Software Engineering
Cryptography and Security
Large Language Models (LLMs) are of great interest in vulnerability detection and repair. The effectiveness of these models hinges on the quality of the datasets used for both training and evaluation. Our investigation reveals that a number of studies featured in prominent software engineering conferences have employed datasets that are plagued by high duplication rates, questionable label accuracy, and incomplete samples. Using these datasets for experimentation will yield incorrect results that are significantly different from actual expected behavior.
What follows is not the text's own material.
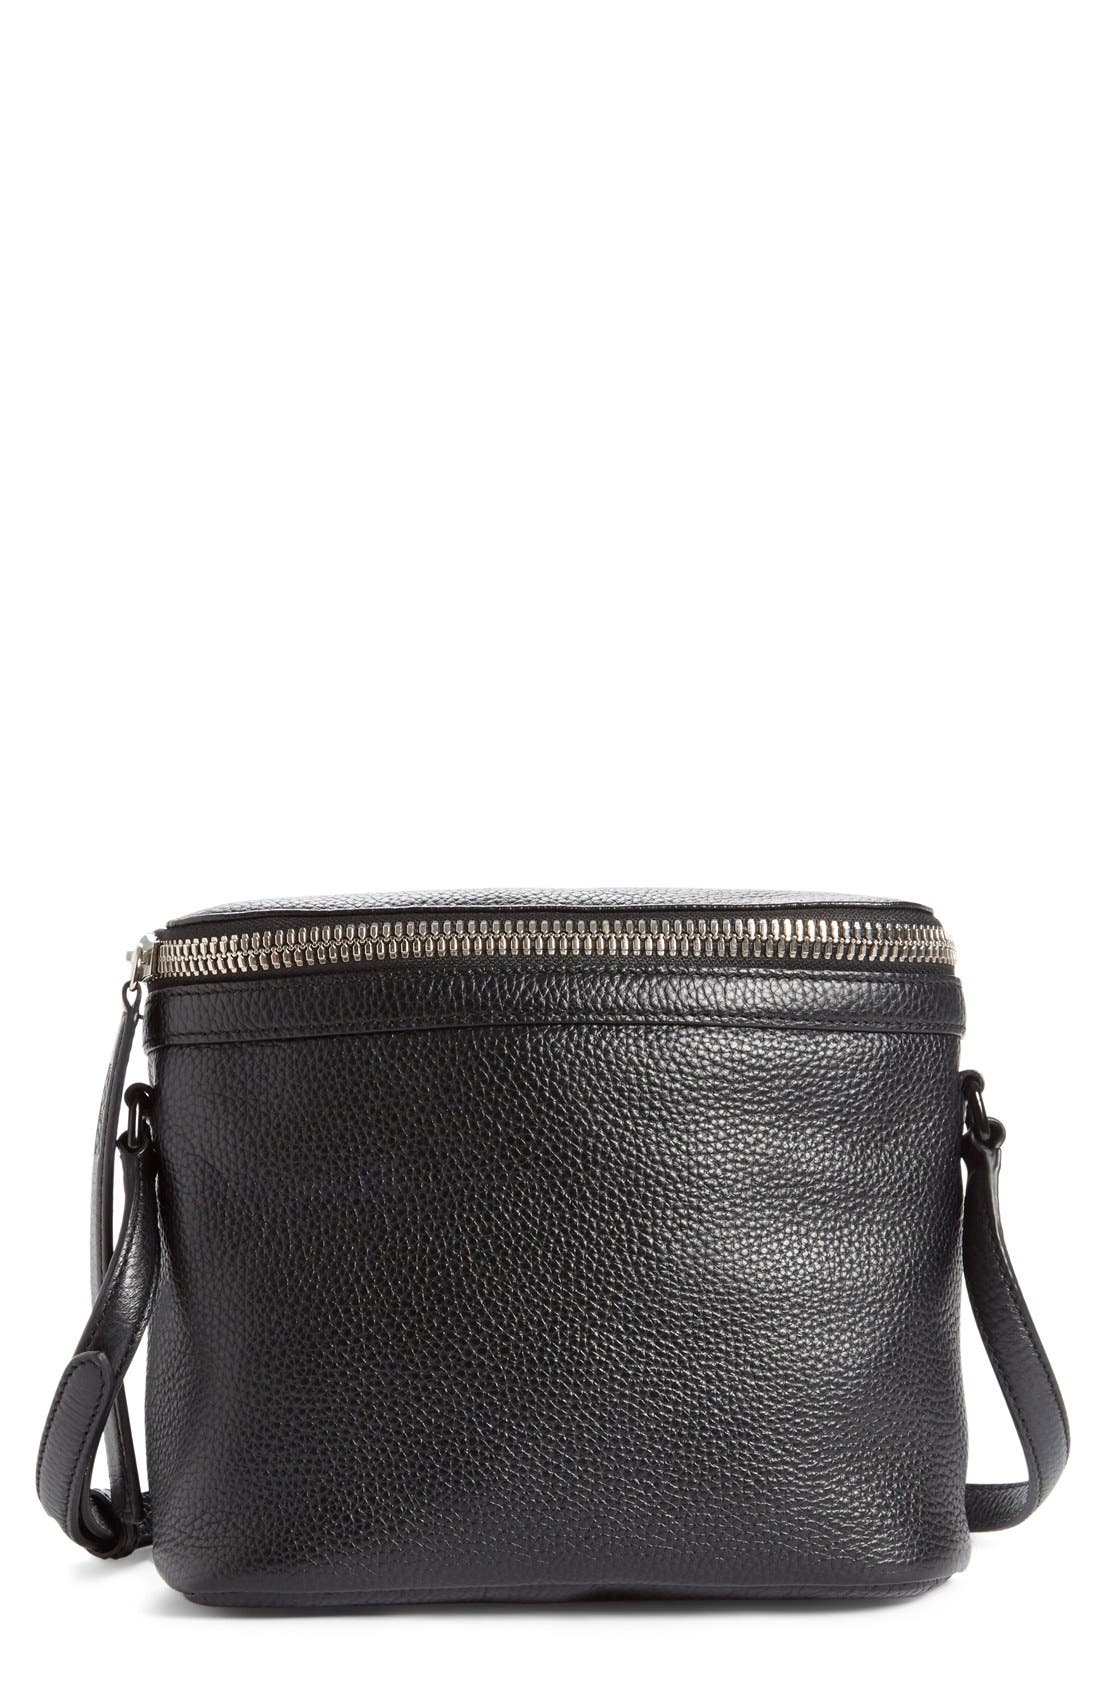 KARA Large Stowaway Leather Crossbody Bag
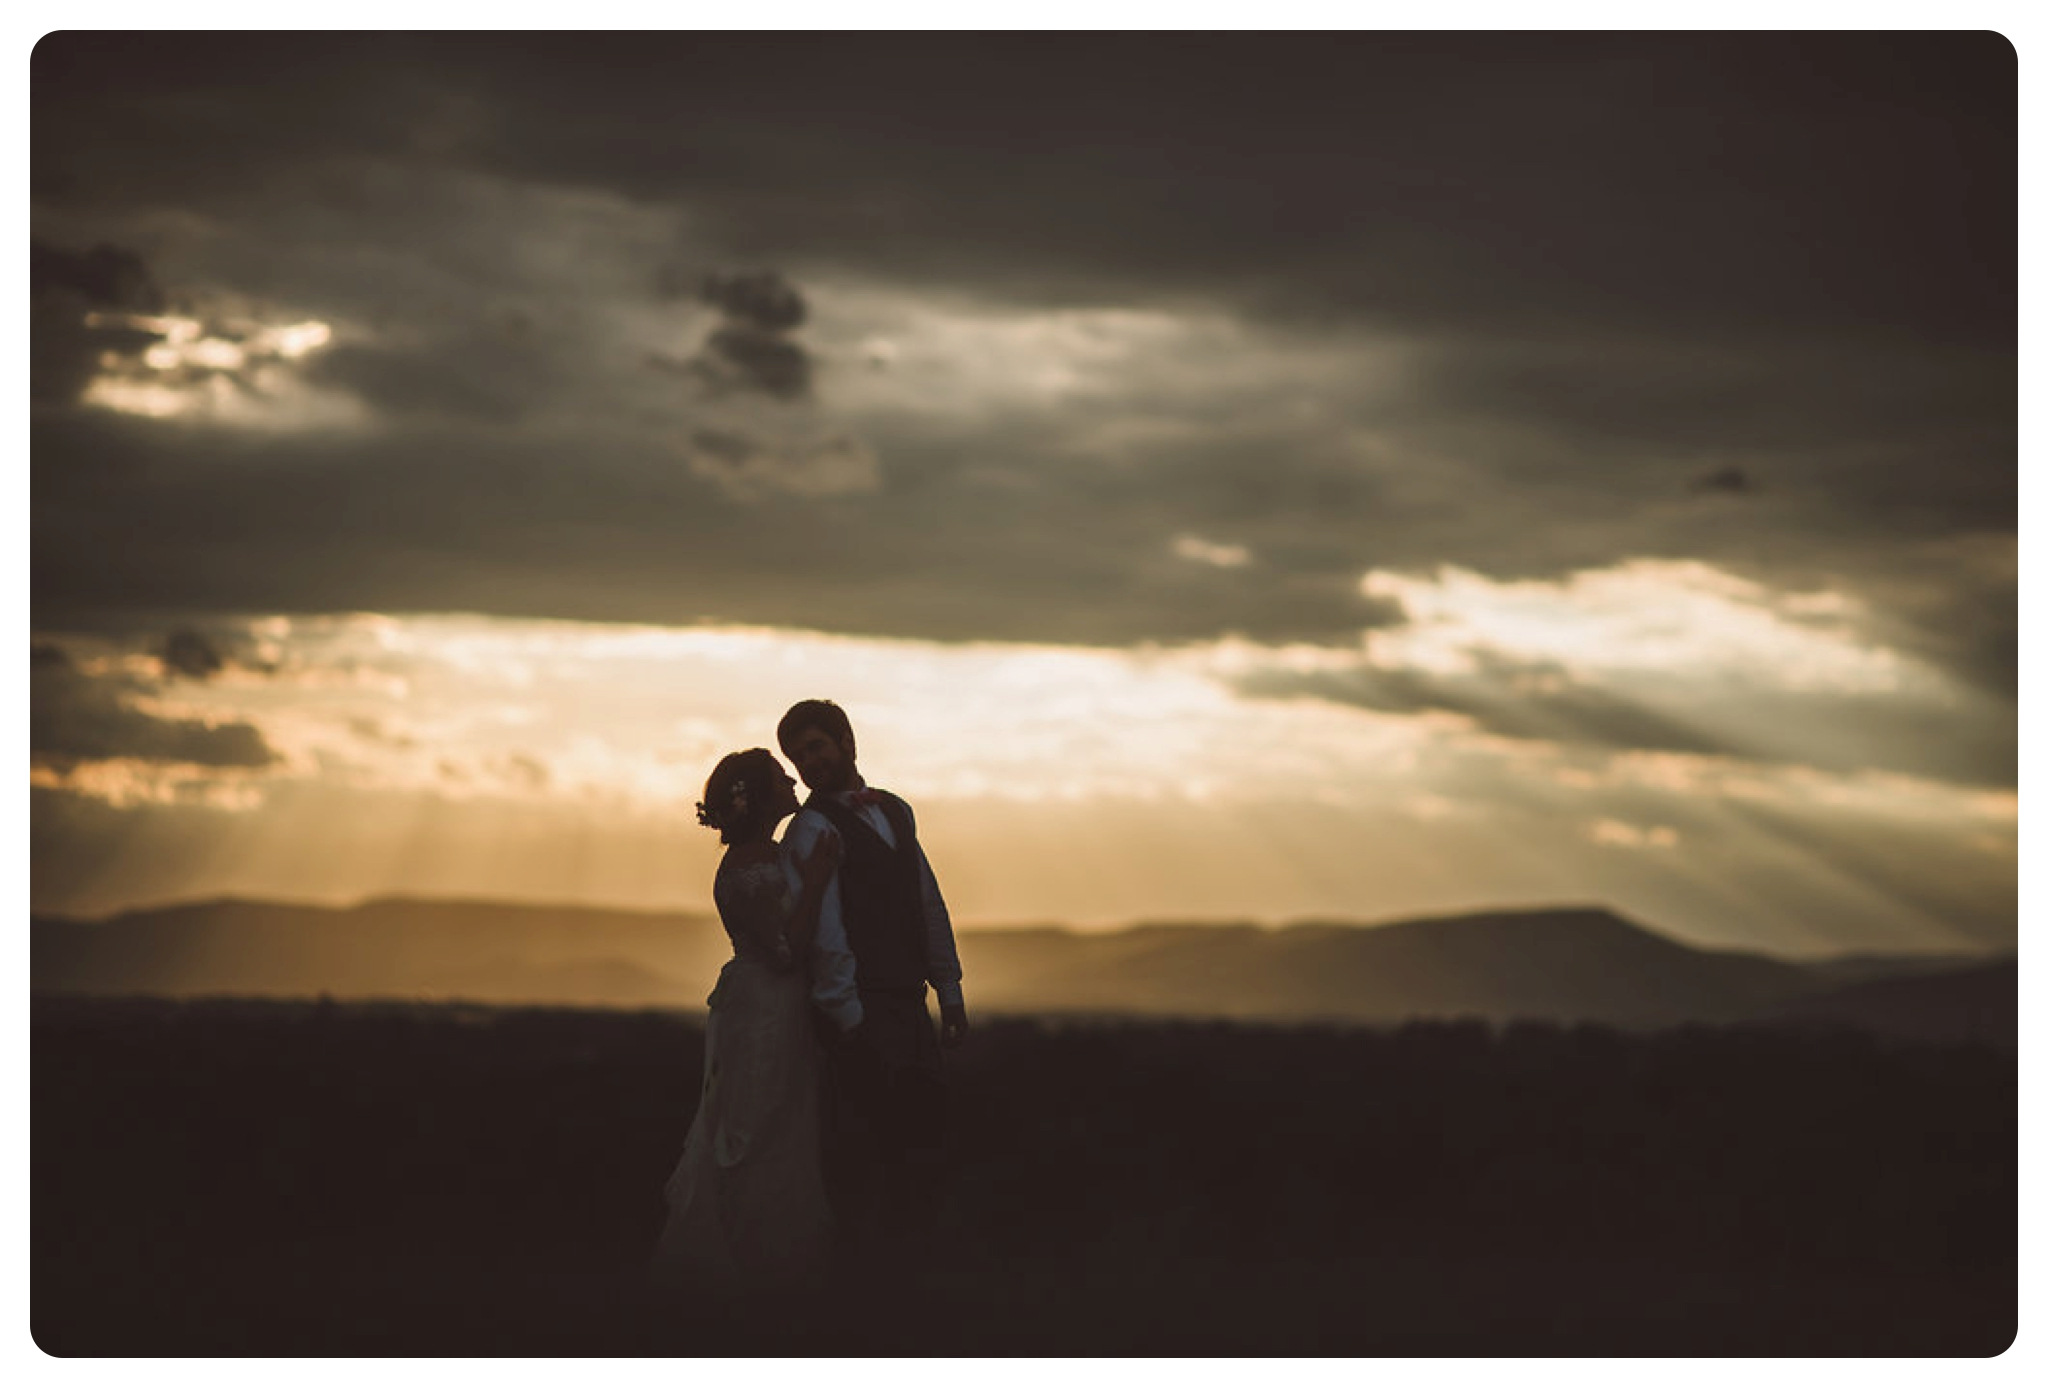 Braeloch-Weddings-Wedding-Photographer-Pat-Cori-Photography-034.jpg

For example, the state-of-the-art VulRepair Model, which is reported to have 44% accuracy, on average yielded 9% accuracy when test-set duplicates were removed from its training set and 13% accuracy when training-set duplicates were removed from its test set. In an effort to tackle these data quality concerns, we have retrained models from several papers without duplicates and conducted an accuracy assessment of labels for the top ten most hazardous Common Weakness Enumerations (CWEs). Our findings indicate that 56% of the samples had incorrect labels and 44% comprised incomplete samples--only 31% were both accurate and complete. Finally, we employ transfer learning using a large deduplicated bugfix corpus to show that these models can exhibit better performance if given larger amounts of high-quality pre-training data, leading us to conclude that while previous studies have over-estimated performance due to poor dataset quality, this does not demonstrate that better performance is not possible.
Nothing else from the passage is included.